Bernard Ramm, *Protestant Biblical Interpretation: A Textbook of Hermeneutics for Conservative Protestants*. Chicago: Moody Press, 1953. 2nd ed. 1957. 3rd ed. Grand Rapids: Baker Book House, 1970. American Baptist Ramm started out conservative and kept moving left. I remember taking a lay course from him on the creeds back in the 60s when I was a sophomore in high school. 

Moisés Silva, *Biblical Words and Their Meaning: An Introduction to Lexical Semantics*. Grand Rapids: Zondervan, 1983.

Moisés Silva, *God, Language, and Scripture: Reading the Bible in the light of general linguistics*. Foundations of Contemporary Interpretation 4. Grand Rapids: Zondervan, 1990.

Moisés Silva, "Has the Church Misread the Bible? The history of interpretation in the light of current issues." *Foundations of Contemporary Interpretation 1*. Grand Rapids: Zondervan, 1987. Everything my old teacher writes is worth reading!

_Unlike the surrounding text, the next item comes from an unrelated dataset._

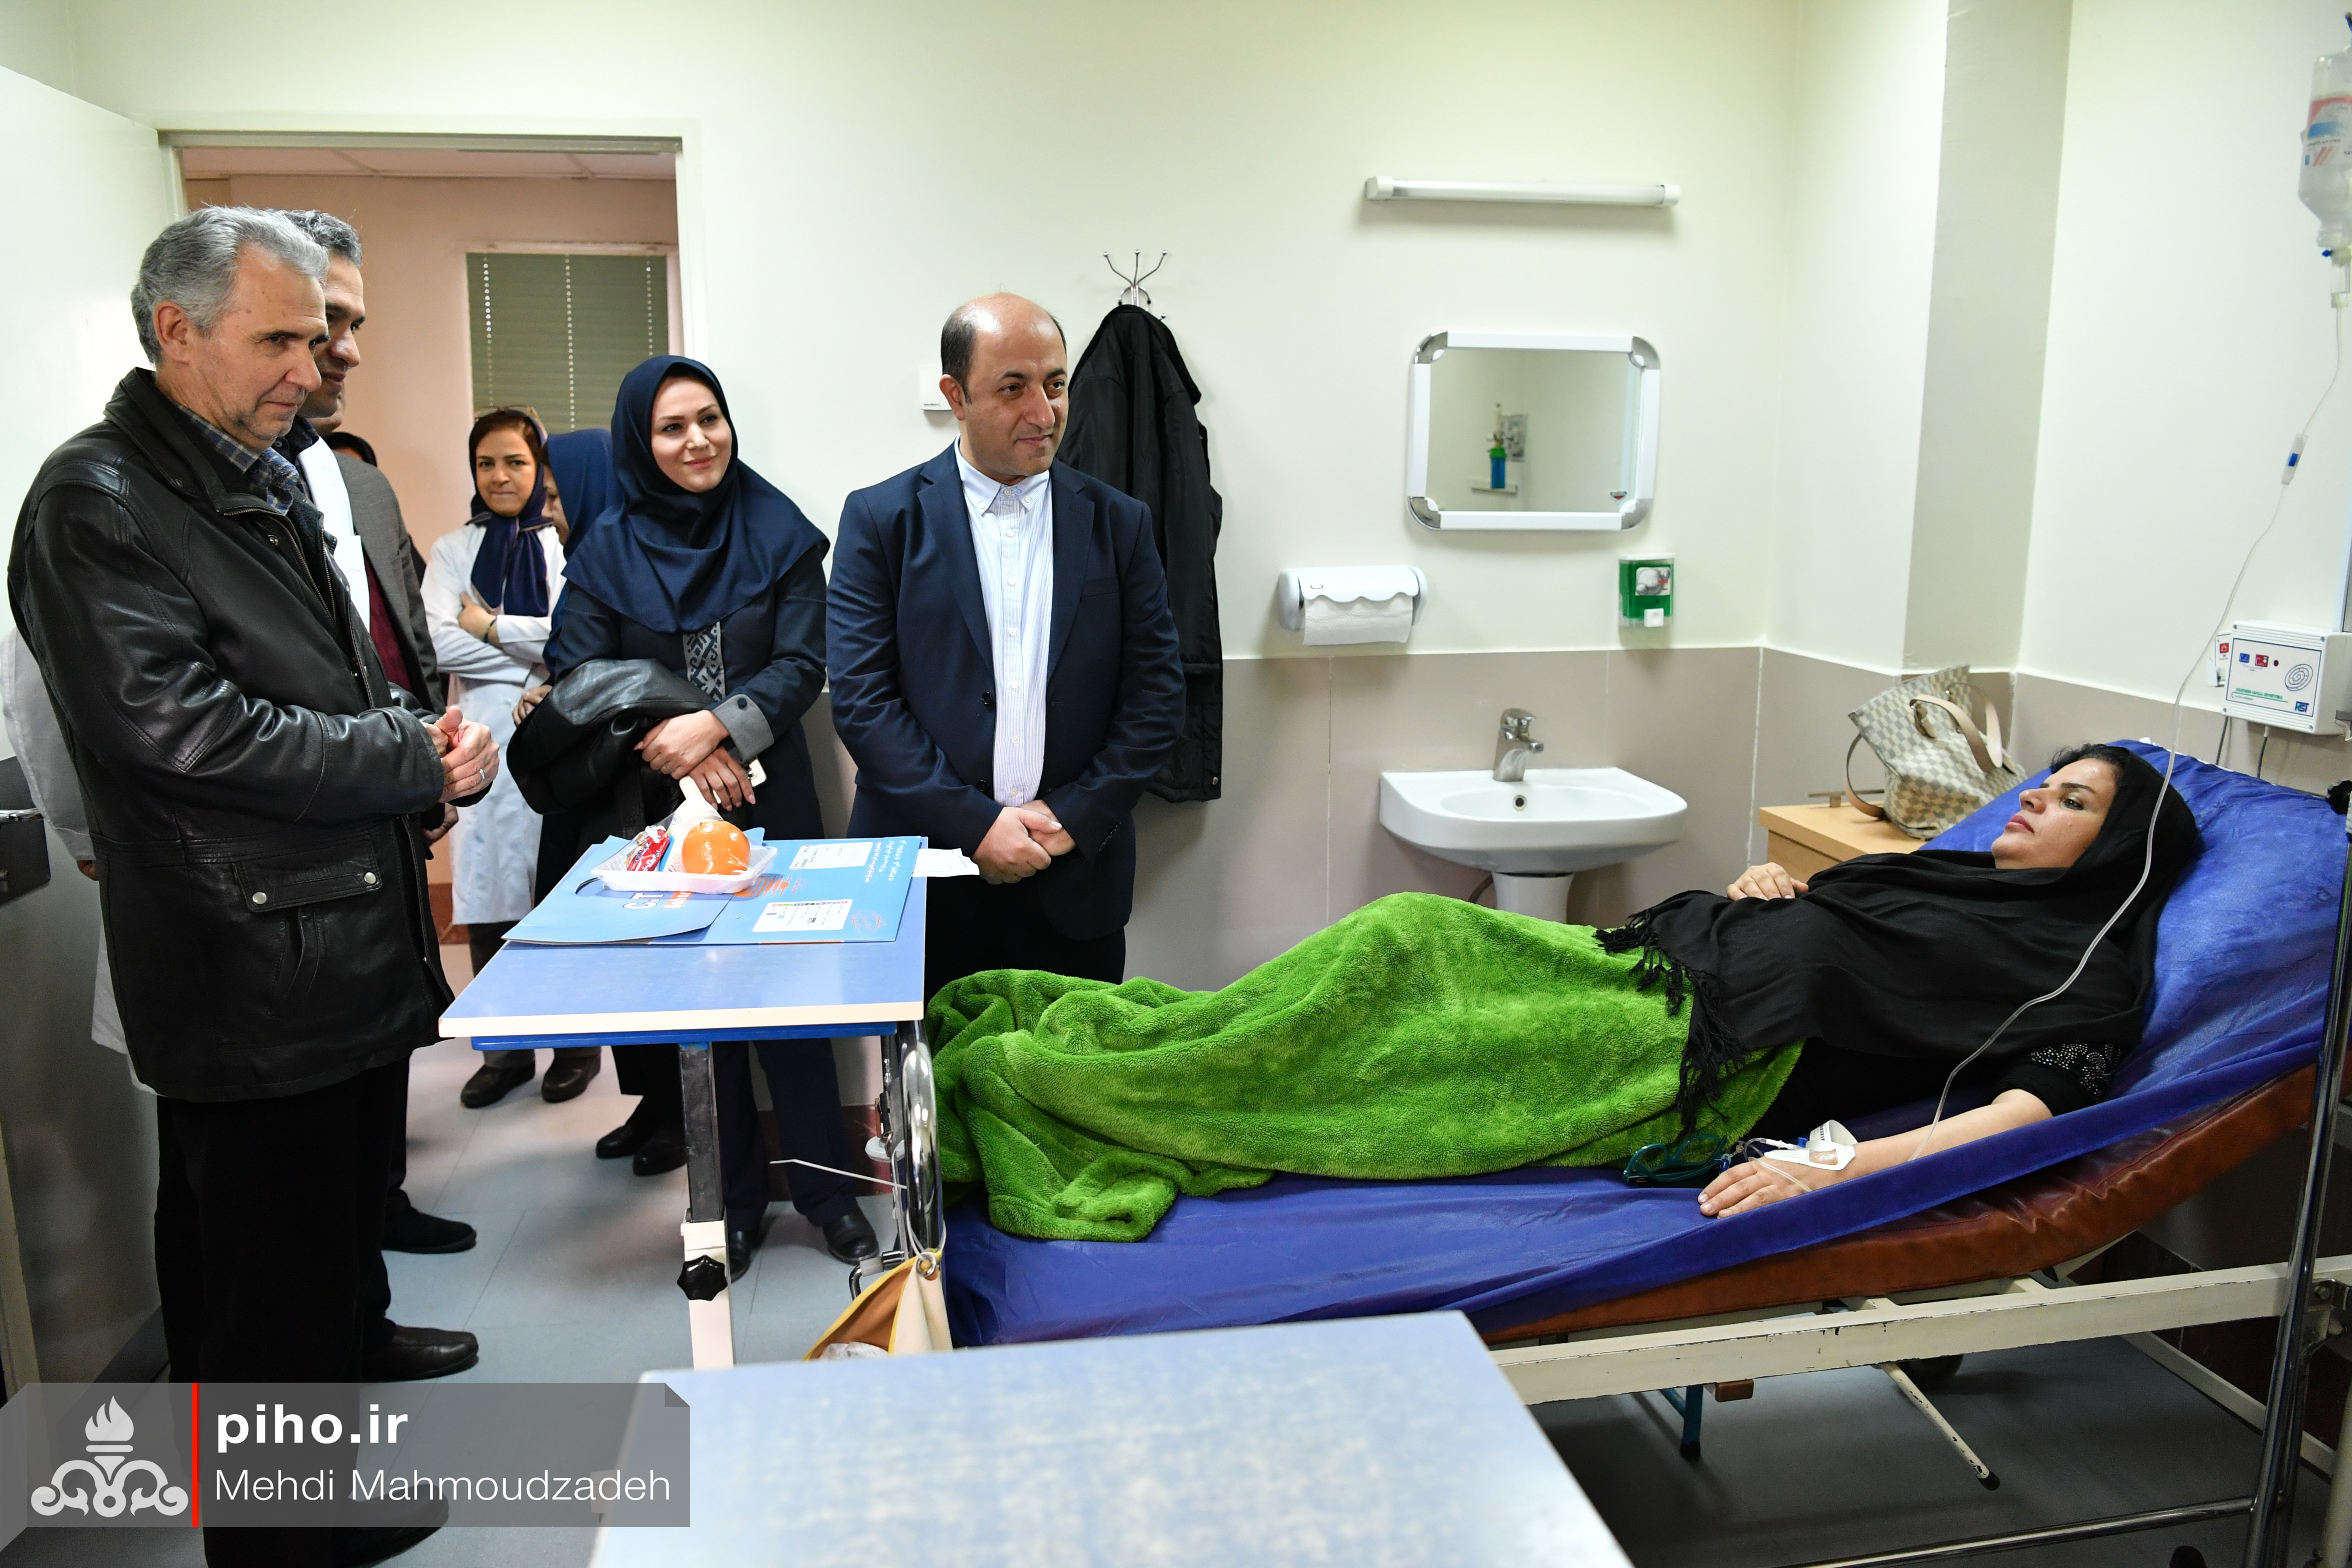 روز جهانی سرطان بیمارستان تهران  3

My wife had Moises for her two years of Greek. 

R. C. Sproul, *Knowing Scripture*. Downers Grove, Illinois: InterVarsity Press, 1977. 125 pages. You already mentioned this one. It is, as all of his writings are, easy-to-read and practical in its handling of interpretation from a Reformed perspective.

Douglas K. Stuart, *Old Testament Exegesis: a Primer for Students and Pastors*. 2nd ed., revised and enlarged. Philadelphia: Westminster Press, 1984. A step-by-step guide to OT exegesis with an emphasis on the goal of preaching and teaching in the context of the church. 

Robert A. Traina, *Methodical Bible Study - A New Approach to Hermeneutics*. Wilmore, Kentucky: Robert Traina, 1952. A detailed guide to inductive Bible study, by a conservative Methodist. Pretty boring but still helpful for the inductive method.

Henry A. Virkler, *Hermeneutics: Principles and Processes of Biblical Inte*rpretation. Grand Rapids: Baker, 1981. 263 pages. This is quite simple but VERY helpful to get you thinking about the issues facing the interpreter. I would begin with this one.


----------



## Eoghan

Barnpreacher said:


> I found Berkhof's _Principles of Biblical Interpretation_ very useful.
> 
> Amazon.com: Principles of Biblical Interpretation: Louis Berkhof: Books



I have found Berkhoff excellent in the positive sense :smile: and "Scripture Twisting" by W. Squire to be excellent in warning using negative examples.


----------



## ReformedDave

Bahnsen has a wonderful series on the subject.


----------



## Presbyterian Deacon

You might find this one of interest:

Milton S. Terry, Biblical Hermeneutics: A Treatise on the Interpretation of the Old and New Testaments (Zondervan, 1974).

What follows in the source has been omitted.